The bottom line is that your AI client acts as a single command center for every aspect of your Dataiku data science workflow.

1. Subscribe to this MCP and provide your Dataiku Instance URL along with a valid API key (Personal, Project, or Global).
2. Your AI agent connects to the service endpoint managed by Vinkius.
3. You then use natural conversation to execute data science commands, like asking the system to list all projects in an environment.

## Frequently Asked Questions

**How do I check if my dataiku projects are connected to external databases?**
The MCP allows you to list all data connections and installed plugins. This lets you quickly audit your entire environment by seeing which cloud storage, APIs, or SQL databases are linked to your DSS instance.

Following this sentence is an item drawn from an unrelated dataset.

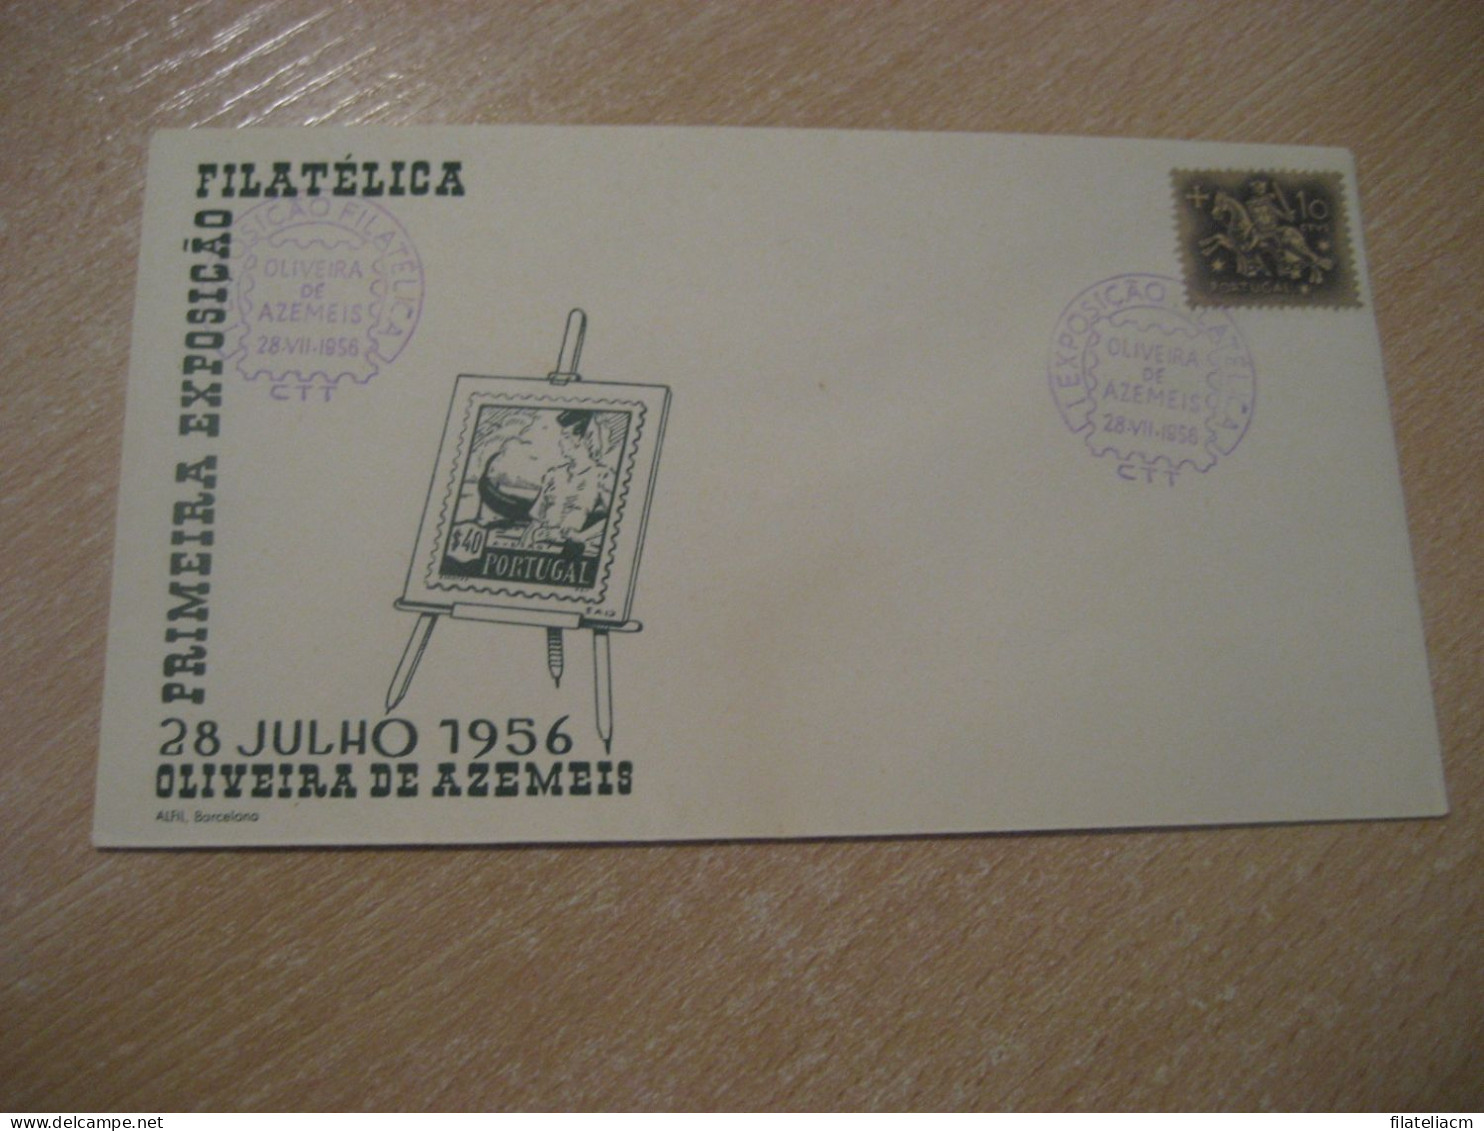 OLIVEIRA DE AZEMEIS 1956 Expo Filatelica Cancel Cover PORTUGAL - Storia Postale

**Can this MCP help me monitor if a model is performing well?**
Yes, you can list saved machine learning models and then request detailed performance metrics. This helps data scientists compare schema layers and track changes in prediction quality directly through conversation.

**Does Dataiku DSS MCP let me run manual pipeline jobs?**
Absolutely. You can use the tools to list all available pipeline jobs, check their status using `get_job`, and even trigger a full rebuild or retraining cycle via automation scenarios.

**What if I need to audit the SQL logic in my data transformations?**
You can retrieve recipes by listing them first, then using the specific tool to pull the explicit configuration structure. This allows you to verify exact Python or SQL code without opening the DSS interface.

**How do I find out what projects I have access to?**
You simply ask your agent to list all accessible DSS projects. It provides a comprehensive overview, including project metadata and tags, so you know exactly what resources are available for your team.